Namun, lampu semakin terang. Di antara beberapa peminat Liga Primer adalah Liverpool. Awalnya ia menolak mereka. “Bukan karena tidak sopan, tetapi saya belum pernah keluar dari London,” katanya. “Pergi ke utara terasa sangat asing bagi saya. Saya ingin tetap bersama keluarga saya. Itu bukan ‘tidak’ – melainkan: ‘Bisakah kita membicarakan ini dalam waktu setahun?'”

Liverpool menunggu dengan sabar dan ketika Ibe akhirnya bergabung pada Desember 2011, klub tersebut membantu memindahkan seluruh keluarganya ke utara. Debut Liga Primer terjadi di bawah Brendan Rodgers pada Mei 2013, dengan Ibe membantu Philippe Coutinho mencetak gol kemenangan. Malam harinya, ia kembali ke London untuk bermain sepak bola dengan teman-temannya. “Saya suka sepak bola, dan saya memberi tahu mereka bahwa saya akan datang,” katanya dengan lugas.

Pinjaman di Birmingham dan Derby menyusul, periode terakhir terjadi di bawah asuhan Steve McClaren, dan Ibe bermain sangat baik sehingga ia dipanggil kembali oleh Liverpool pada Januari 2015. Penyebutan McClaren jelas mengangkat Ibe. “Saya merasa seperti berada di Real Madrid di Derby,” katanya sambil menyeringai. “Saya kecewa ketika saya pergi – dia yang terbaik yang pernah saya miliki. Dia memberi saya kebebasan untuk bermain. Saya senang dengannya. Banyak penggemar Derby mengatakan jika saya bertahan … yah, saya senang di sana.” Pada bulan Mei, Ibe menandatangani kontrak jangka panjang di Anfield dan dalam beberapa minggu Raheem Sterling – mentor bagi Ibe meskipun usianya tepat satu tahun lebih tua – bergabung dengan Manchester City. “Saya pikir itu adalah waktu saya,” kata Ibe ketika ditanya apakah ia merasa itu semakin membuka peluang. “Saya bertekad untuk bermain di lapangan, terlepas dari apakah dia, atau pemain lain, ada di sana atau tidak. Saya tahu saya bisa mencapai standar.” Ibe sedang naik daun, dan bahkan setelah pemecatan Rodgers pada bulan Oktober, ia tampil secara reguler di bawah asuhan Jürgen Klopp. Namun pada musim panas berikutnya, dalam sebuah demonstrasi betapa cepatnya perubahan dalam dunia sepak bola, semuanya berubah. “Saya seperti diusir,” kata Ibe. Keengganannya untuk mengungkapkan detail lebih lanjut hingga karier sepak bolanya berakhir dapat dimengerti. Yang ingin dikatakan Ibe hanyalah bahwa ada “banyak politik” yang “tidak begitu ia pahami saat itu”.

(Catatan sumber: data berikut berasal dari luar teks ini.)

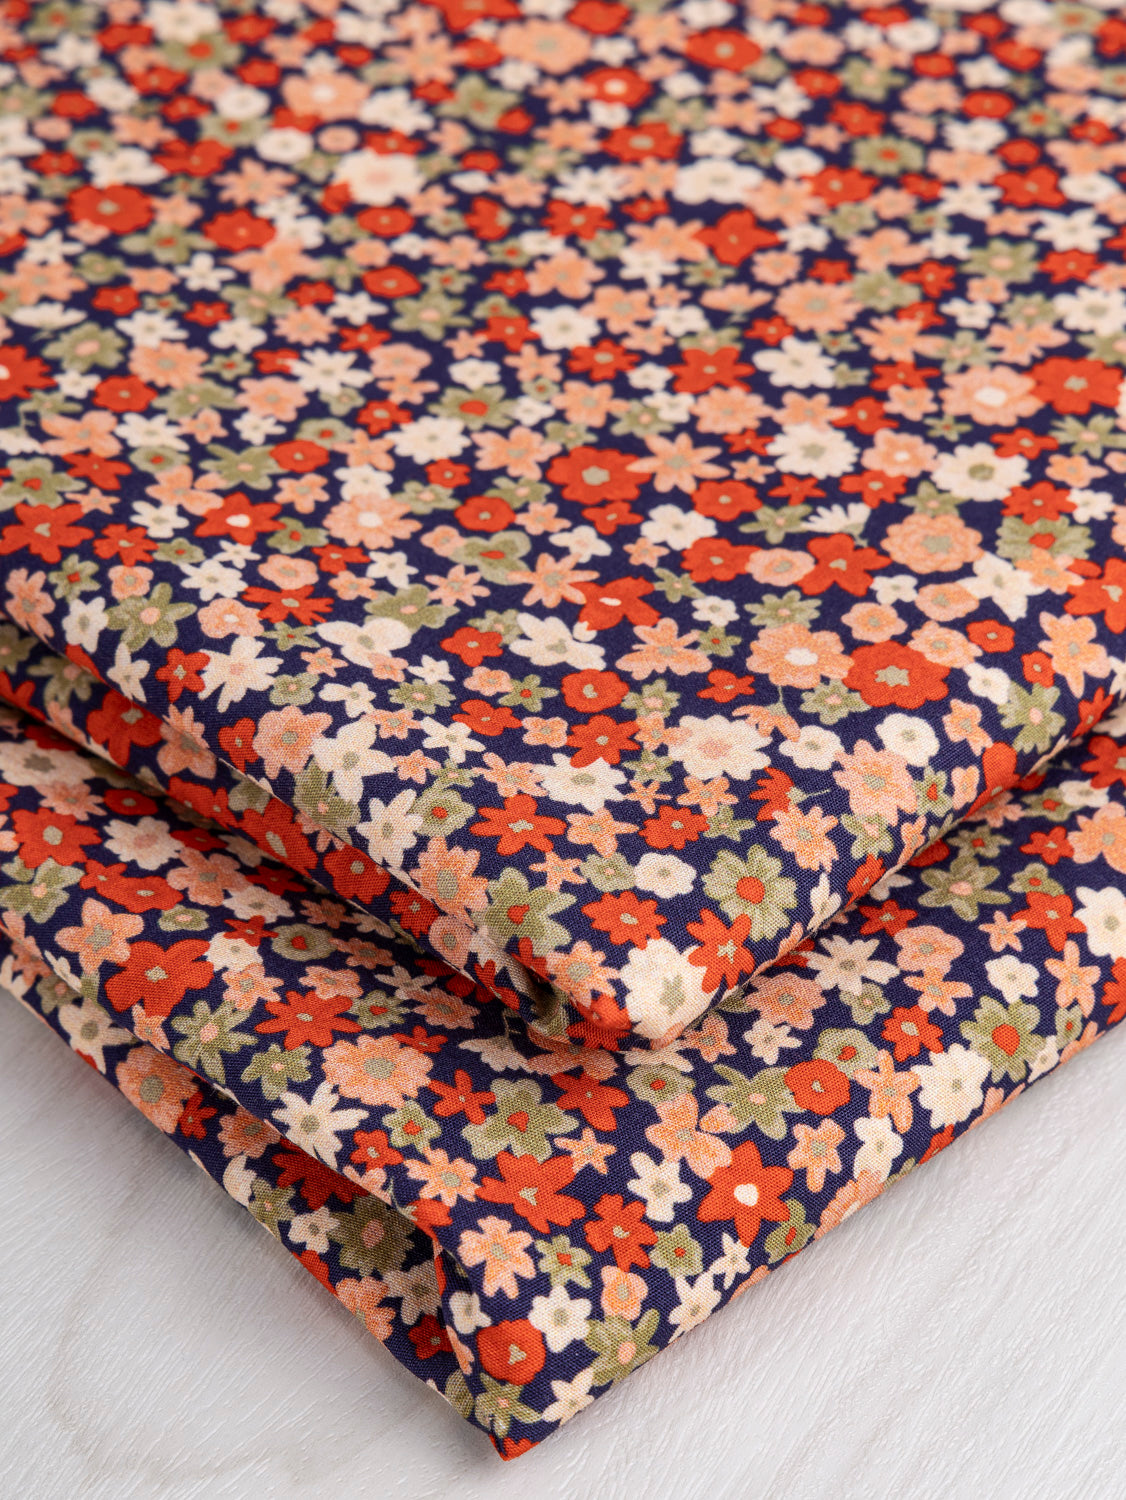 Ditzy Floral Print Cotton Poplin - Navy + Red + Green + Cream | Core Fabrics
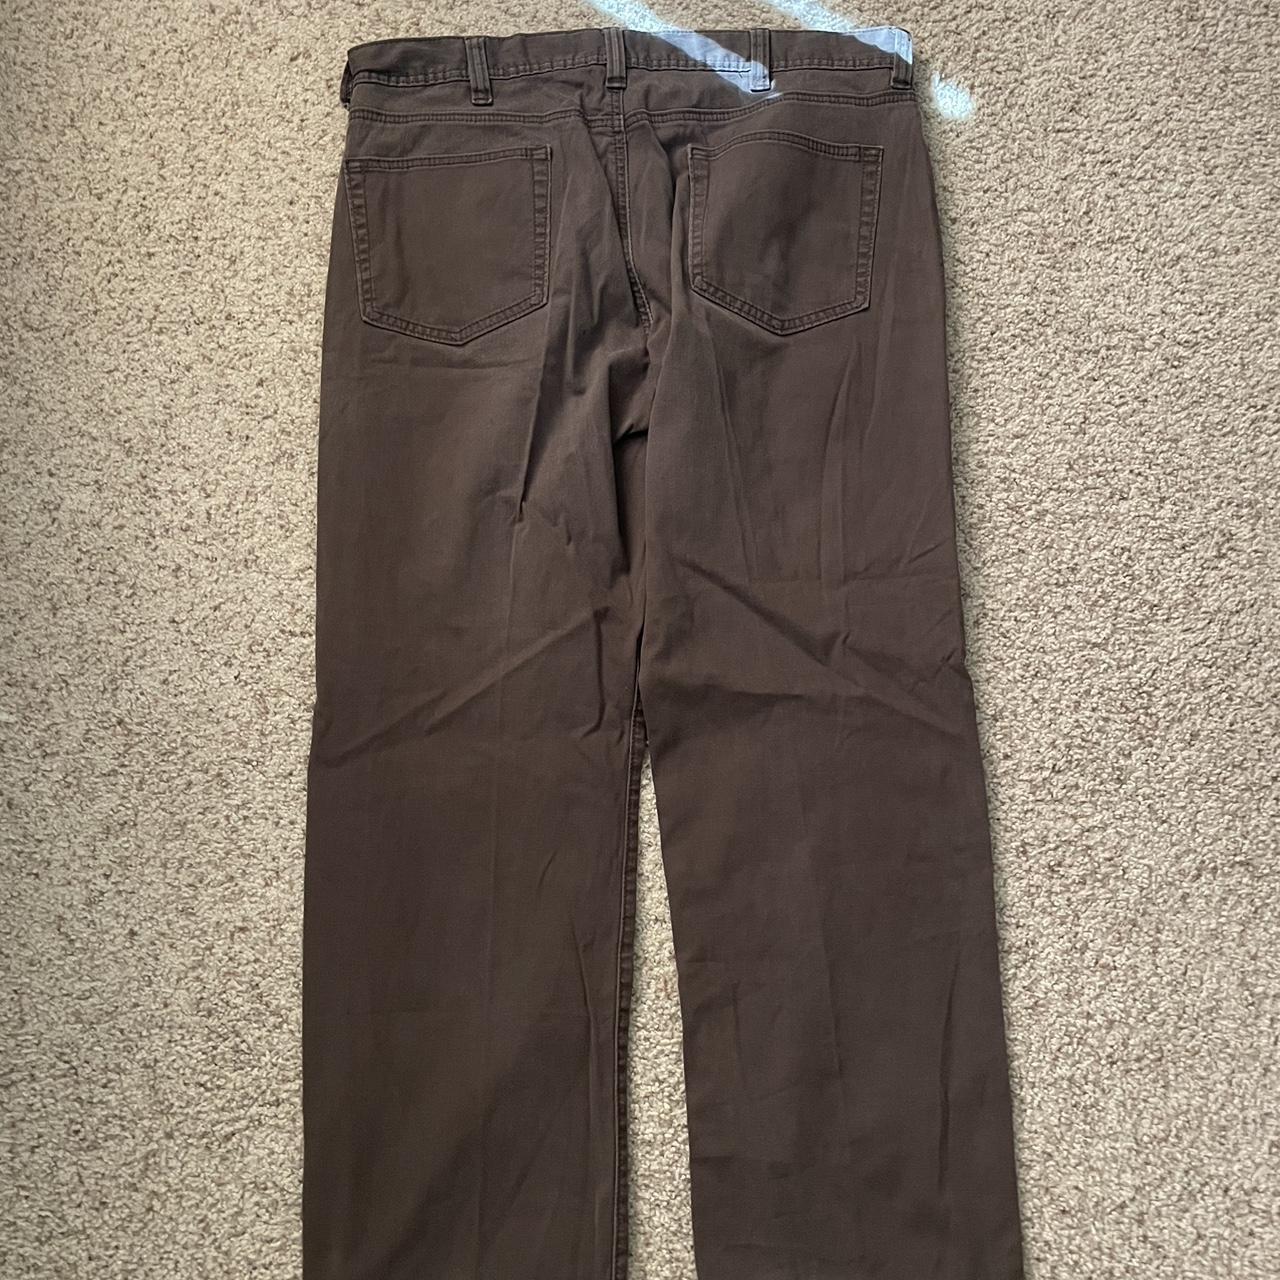 Costco Men's Brown Trousers (2)
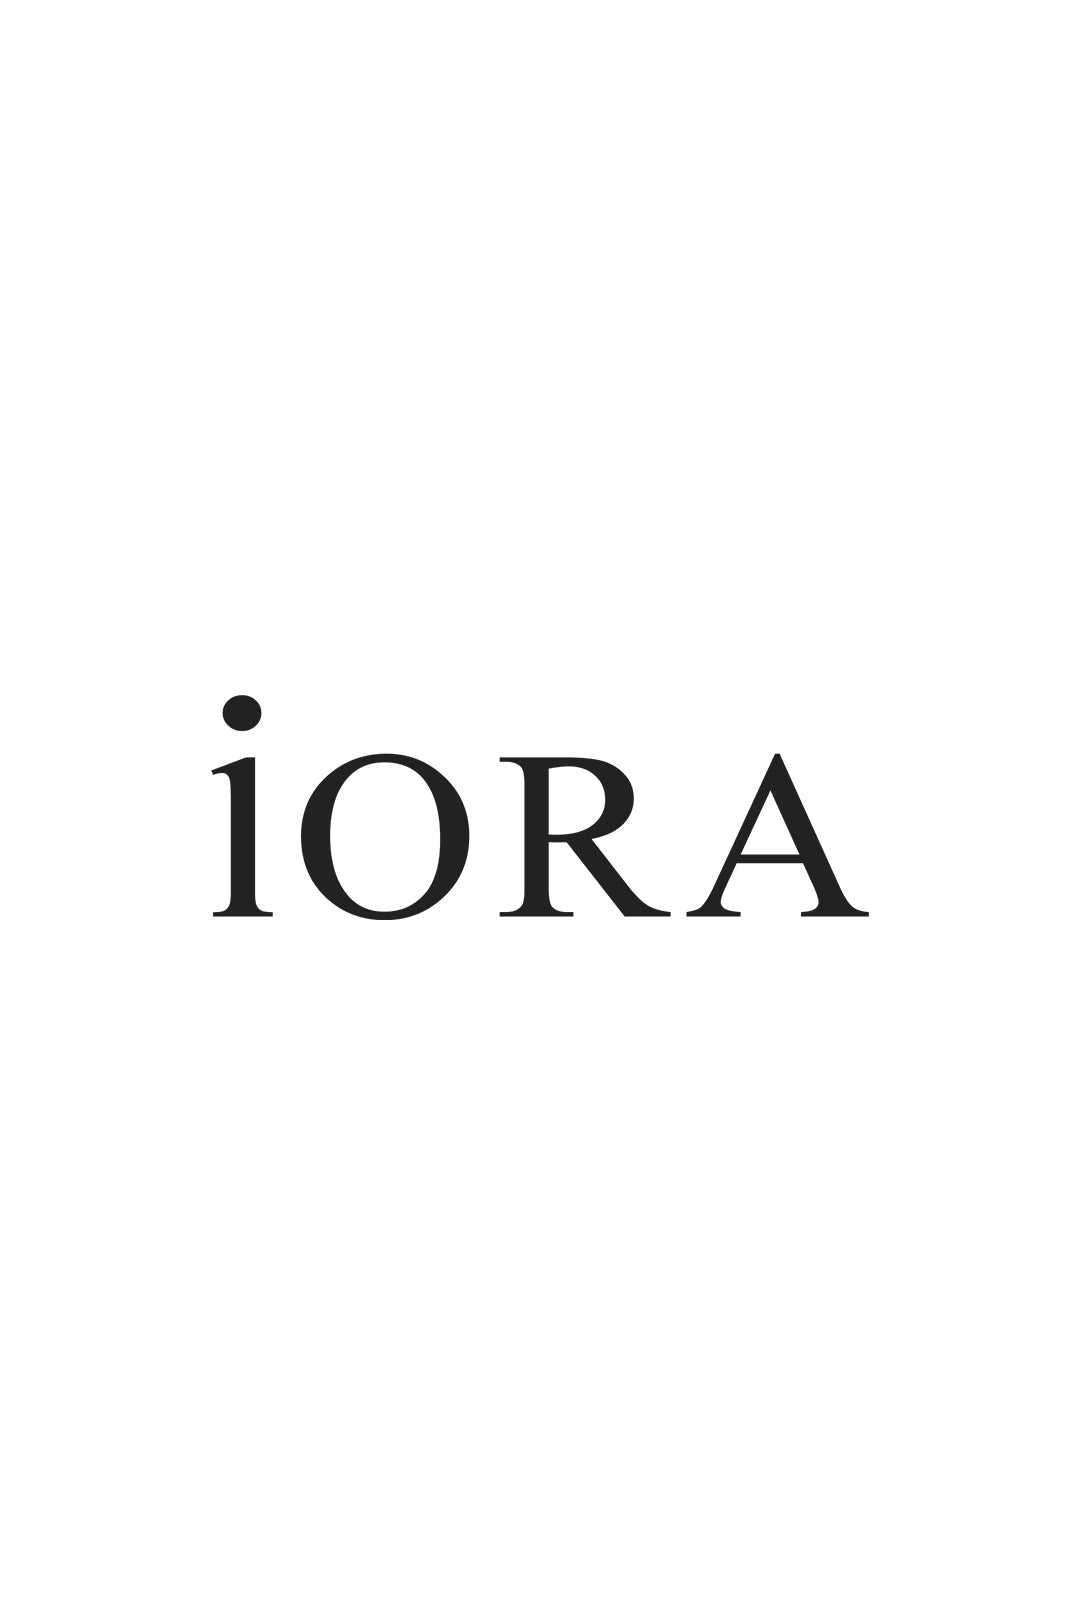 iora-logo-shopee
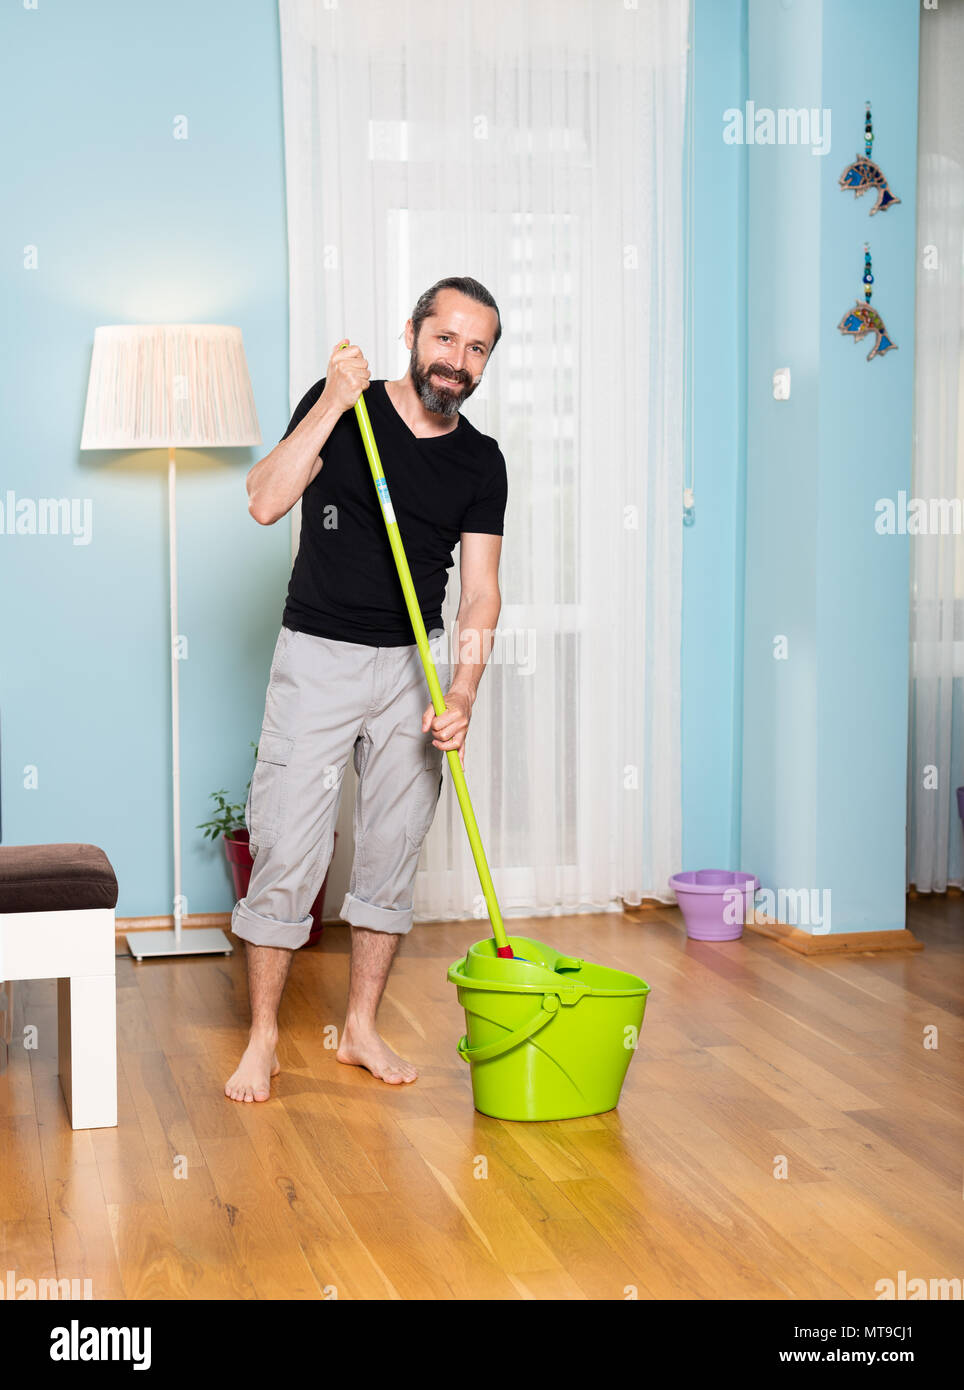 https://c8.alamy.com/comp/MT9CJ1/house-cleaning-house-cleaning-man-house-man-sweeping-and-mopping-MT9CJ1.jpg

“Saya harus mengambil semua sepatu bot saya dan pergi ke Bournemouth,” lanjut Ibe. Apakah itu terasa salah? “Ya. Saya tidak menyesali Bournemouth, tetapi saya sangat sensitif. Saya selalu seperti itu. Saya pikir itu tidak benar. Namun, hidup tidak seperti itu.”

Ibe adalah pemain termahal Bournemouth saat itu; bintang muda seharga £15 juta yang diharapkan dapat memberikan dampak besar. Namun, kenyataannya tidak seperti itu, dan menjelang 18 bulan terakhir dari kontrak empat tahunnya, Ibe merasa dikucilkan. Perpanjangan kontrak sudah ada di atas meja, tetapi penolakannya untuk menandatanganinya – ia menginginkan kendali sebagai agen bebas – berarti ia, jika tidak sepenuhnya dikecualikan, disingkirkan. “Mereka telah menghabiskan banyak uang di usia saya dan perlu memulihkan diri. Ini bisnis. Saya tidak merendahkan siapa pun, tetapi saya sangat bersemangat dalam latihan. Itu tidak masuk akal. Tetapi saya tahu alasannya.”

Musim lalu, Ibe bermain untuk tim non-liga Hayes & Yeading dan Hungerford. Baginya, yang terpenting adalah merasa menjadi bagian dari sesuatu lagi, mencium rumput, berada di ruang ganti. Mengenai apa yang akan terjadi selanjutnya, Ibe jelas tetapi juga malu-malu. “Teruslah bermain sepak bola; capai level yang saya tahu bisa saya capai; berikan dorongan terakhir,” katanya. “Saya tidak akan mengatakan saya menyesali apa yang telah terjadi, telah terjadi. Itu telah mengubah saya menjadi lebih baik. Sepak bola bukanlah pencapaian utama dalam hidup saya. Saya memiliki tujuan yang lebih dalam; menjadi seorang ayah; menjadi manusia yang hebat; menjadi seorang saudara; menjadi seorang anak. Hal-hal yang lebih bermakna dalam hidup.”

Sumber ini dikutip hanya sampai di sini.